The new Penn Conflict is suppose to fix the line lay issues of the other Penn reels but the October release is now pushed out to December on some web sites.


----------



## Loki (Sep 26, 2010)

I use Battles and have for a good bit now. I also use Power Pro, mostly 20lb. When I first started using
them together I did get a good bit of wind knots with new "not broken in Power Pro". It was suggested I manualy 
close the bail untill the line limbered up. My wind knots were histery after that, I did get in the habit of closeing
the bail manualy and still do even if my line is well limbered up.


----------



## Drumdum (Jan 6, 2003)

Loki has it right.. I've got 3 of the 3000,and one of the 2500 that I've had for over three years,almost four.. I'm using 10lb fireline on the 3000,and 6lb crystal fireline on the 2500.. Once broken in the fireline is windknot free.. For the price of those reels I have nothing but good to say about them...


----------



## chest2head&glassy (Jul 2, 2002)

+1 on Loki and DD. My 2000 has had braid on it for a few months and had a few wind knots at the beginning but not anymore. I recently spooled up the 3000 Fierce with PP and have had horrible wind knots so far. Didn't overspool and always close the bail manually. I have noticed I get more wind knots on higher rated rods (12-20) vs. lighter rods (8-12) using the same reel.


----------



## greg12345 (Jan 8, 2007)

Well known "issue" with the battles, all over the net. I have 2 battles (4000's) that I use for bait fishing w/power pro and have had absolutely no problem with wind knots, have not used them w/lures where I am casting repeatedly. Have fished them moderately for about a year from the surf and am very impressed, the drag is great and they hold up well with minimal maintenance, will be buying more in different sizes soon. 

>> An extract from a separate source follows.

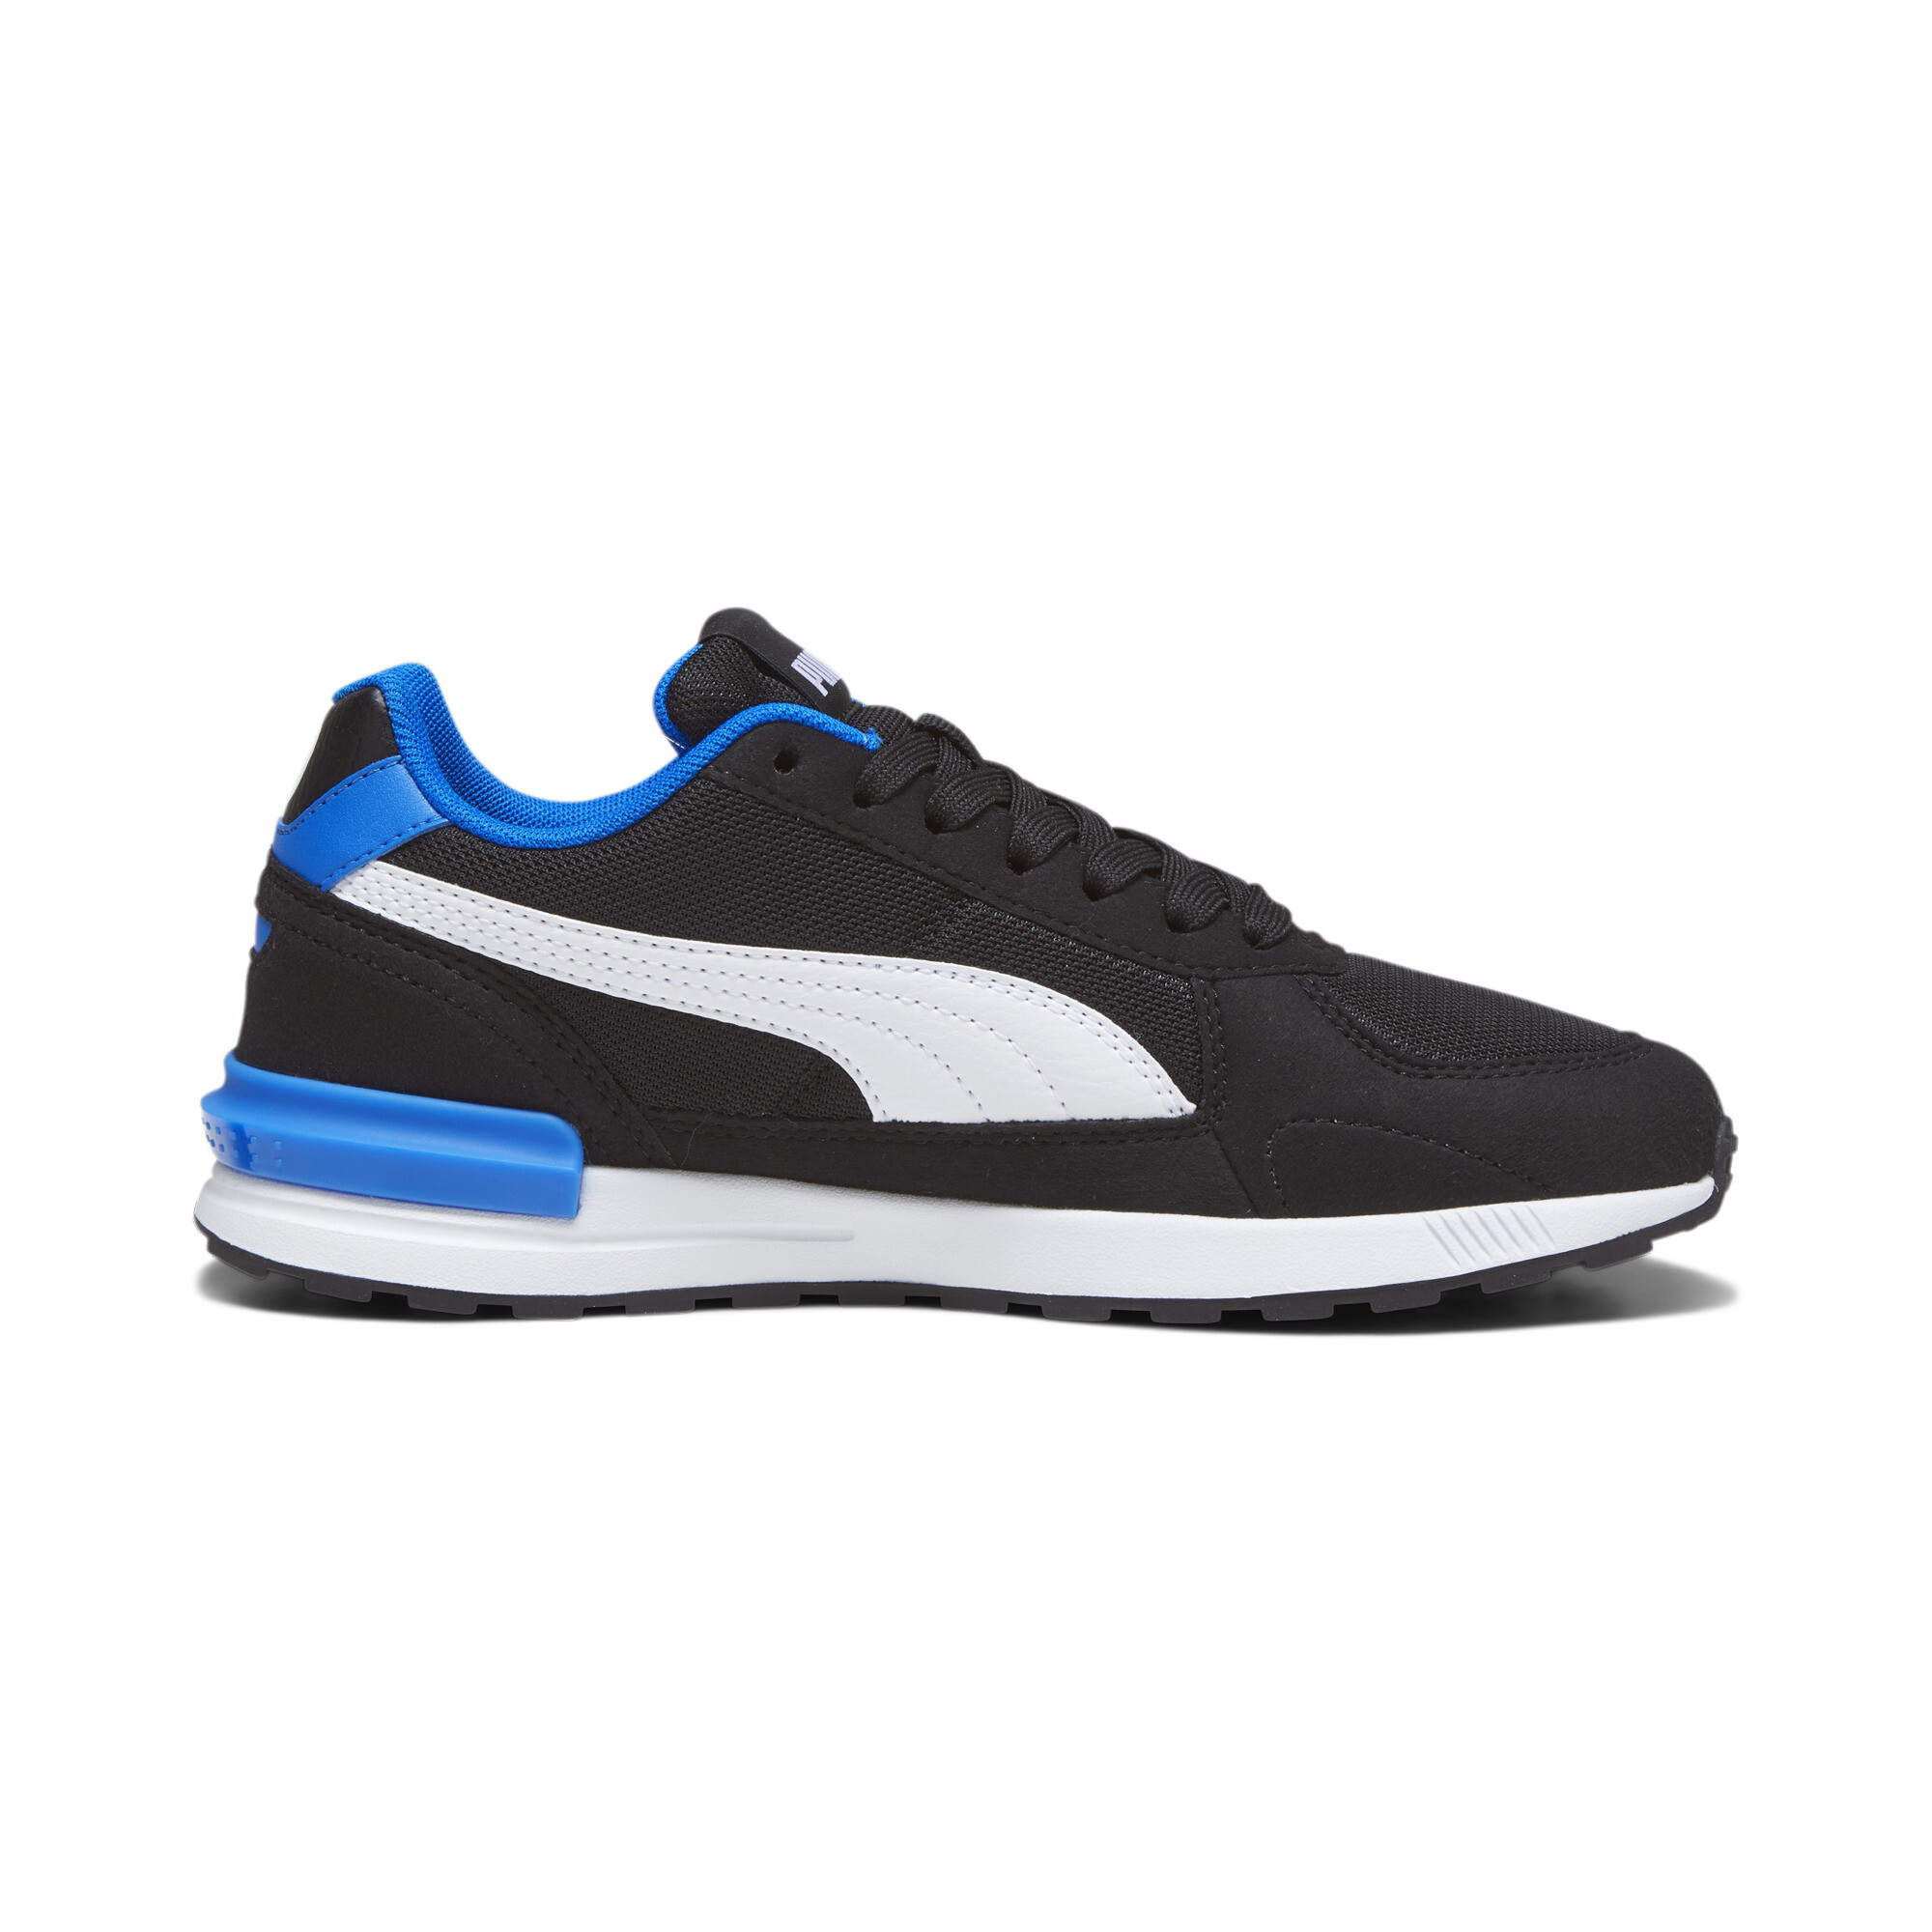 Puma Graviton Youth Trainers, Black, Size 38.5, Shoes

If you are really worried about it you can use fireline which is stiffer and tends to lessen the chance of wind knots in my experience....or add on about $30 and move up a reel class to the Spinfisher V, supposedly much better line lay than the battle and not as expensive as the conflict...


----------



## RobVB (Mar 17, 2012)

I currently have 3 Penn Battles. I've had no line lay issues with my 3000 & 5000. I did have a windknot issue with the 3000 initially. I let the B&T spool this one for me and it was too full. When I spool them myself I like about 1/16" - 1/8" of the black showing near the lip of the spool. I did have a line lay & windknot issue on the 6000. I originally had 40# braid on it and it was too full. I've since put 50# braid and left a bit of the black showing. No more windknots. As far as line lay on the 6000, I put a shim under the spool ball bearing that helped. Also, as the braid got broken in, it also got better. I've been very pleased with the Battles. They're easy to maintain.... parts are inexpensive and easy to get.


----------



## chest2head&glassy (Jul 2, 2002)

Good point on the spare parts. Plenty of Penn parts online and at some B&T stores. Battle spare spools are $12 online. I have a spare for my 4k. If I'm tossing lures in a crowd from the beach, I'll put on my spare spool loaded with mono.


----------



## Flytyingguy1 (Sep 8, 2009)

User error wind knots come from to much line on the spool or not enough tension on the spool. You need to make sure the line is tight ( no slack ) when winding it on your spool.


----------



## RuddeDogg (Mar 20, 2004)

Drumdum said:


> Loki has it right.. I've got 3 of the 3000,and one of the 2500 that I've had for over three years,almost four.. I'm using 10lb fireline on the 3000,and 6lb crystal fireline on the 2500.. Once broken in the fireline is windknot free.. For the price of those reels I have nothing but good to say about them...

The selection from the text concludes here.